--- EXERCISE DATA Enclosed Below ---

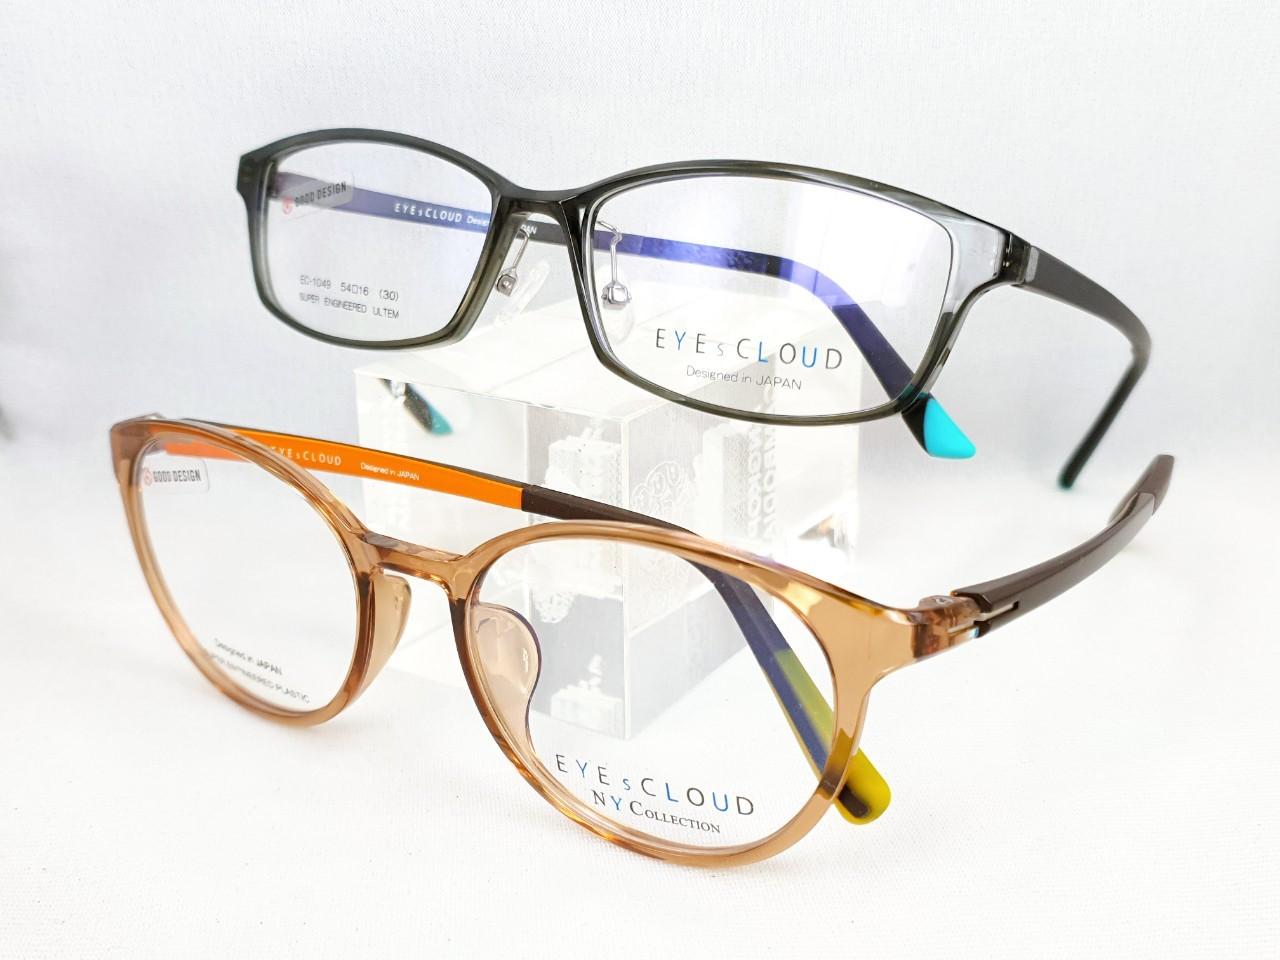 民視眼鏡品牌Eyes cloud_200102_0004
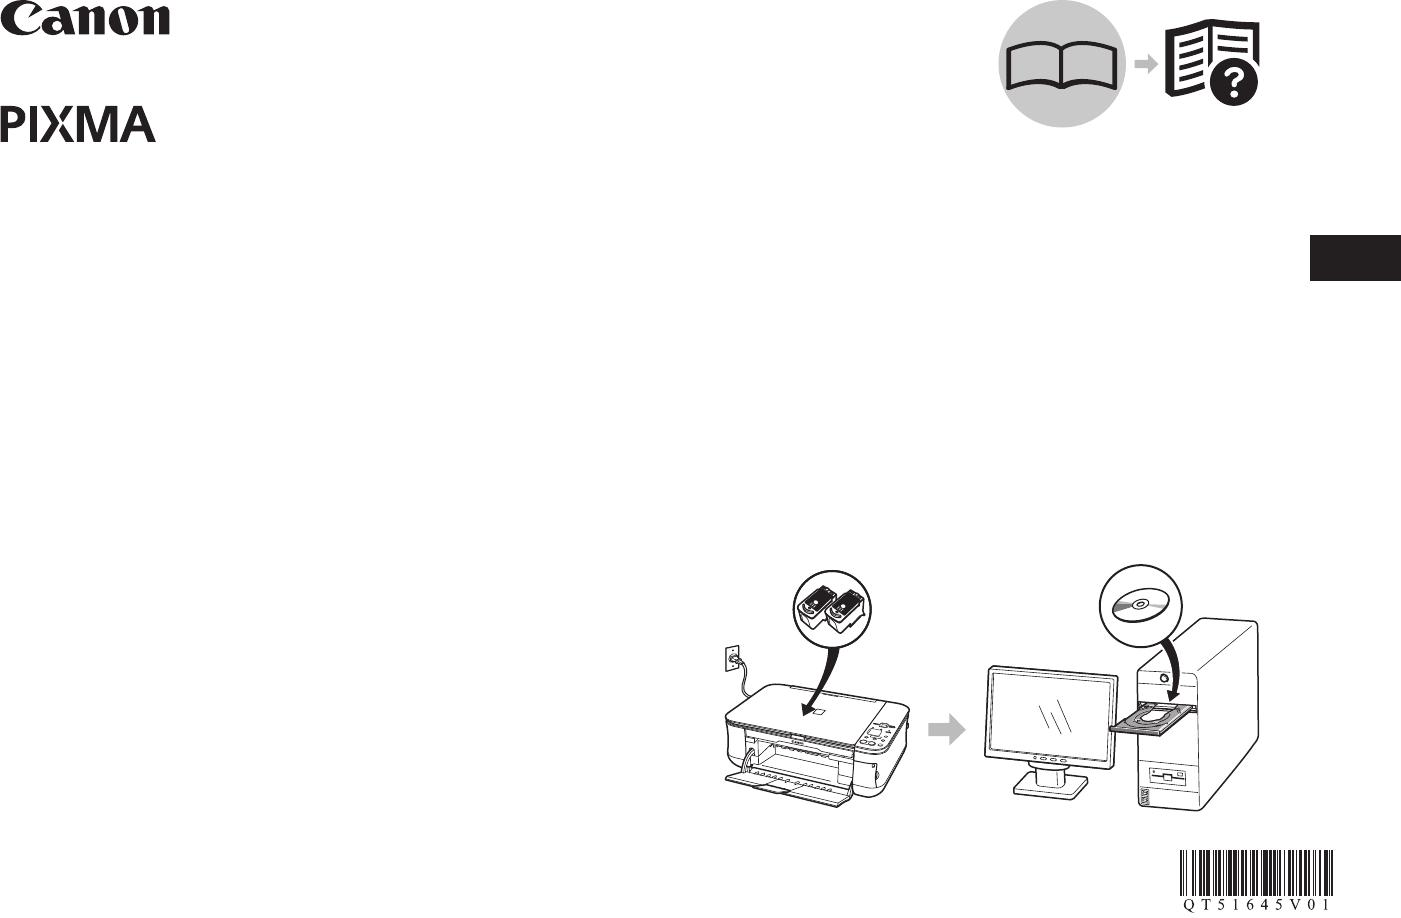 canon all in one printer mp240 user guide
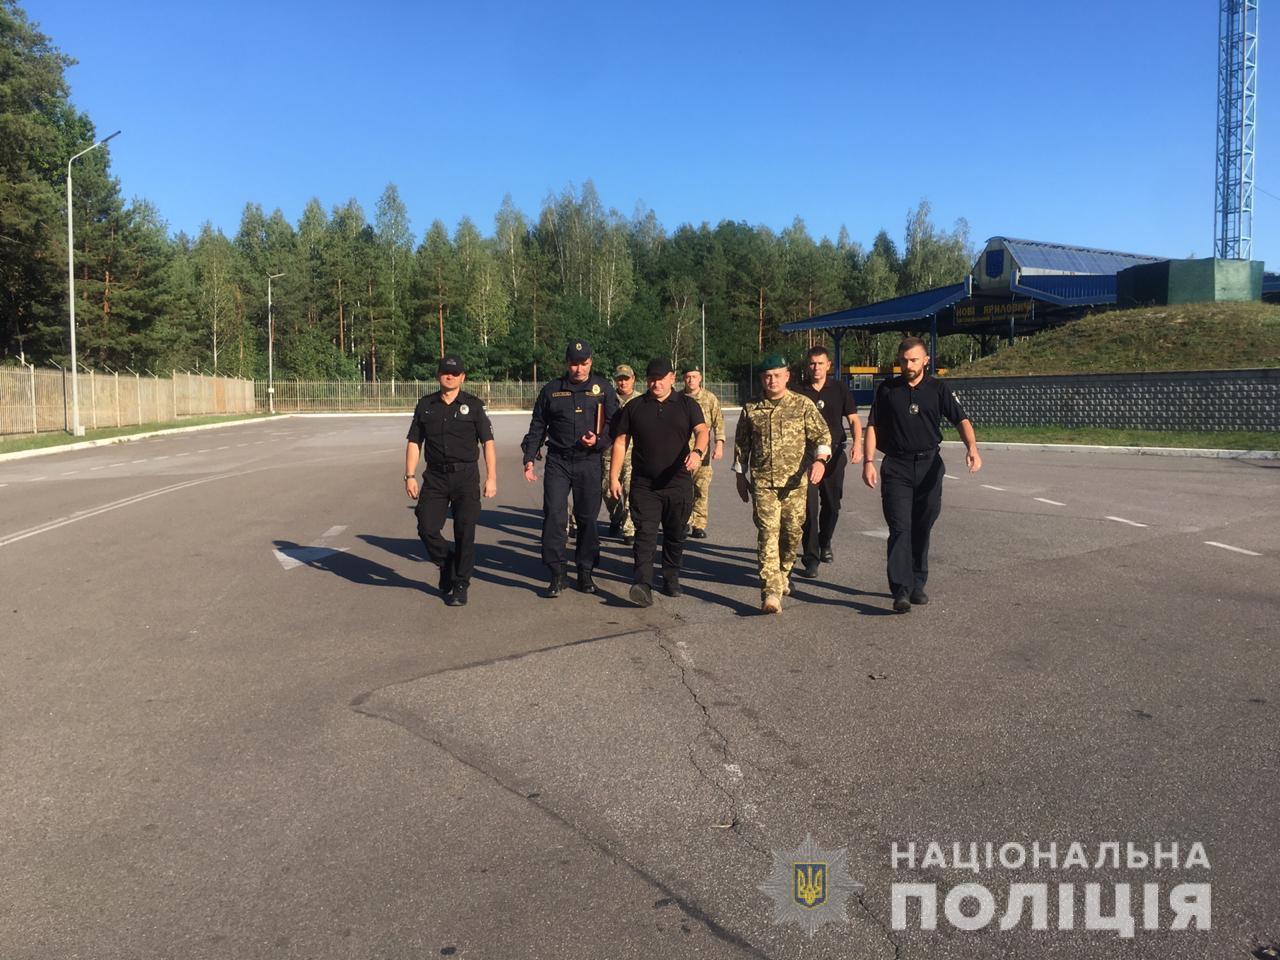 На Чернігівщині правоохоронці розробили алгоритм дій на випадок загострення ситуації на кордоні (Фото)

--- End of Enclosed EXERCISE DATA ---

> _EXERCISE DIRECTIONS_: Retype each line above exactly and leave out any picture.

> _SOLUTION_:
 民視眼鏡品牌Eyes cloud_200102_0004
 canon all in one printer mp240 user guide
 На Чернігівщині правоохоронці розробили алгоритм дій на випадок загострення ситуації на кордоні (Фото)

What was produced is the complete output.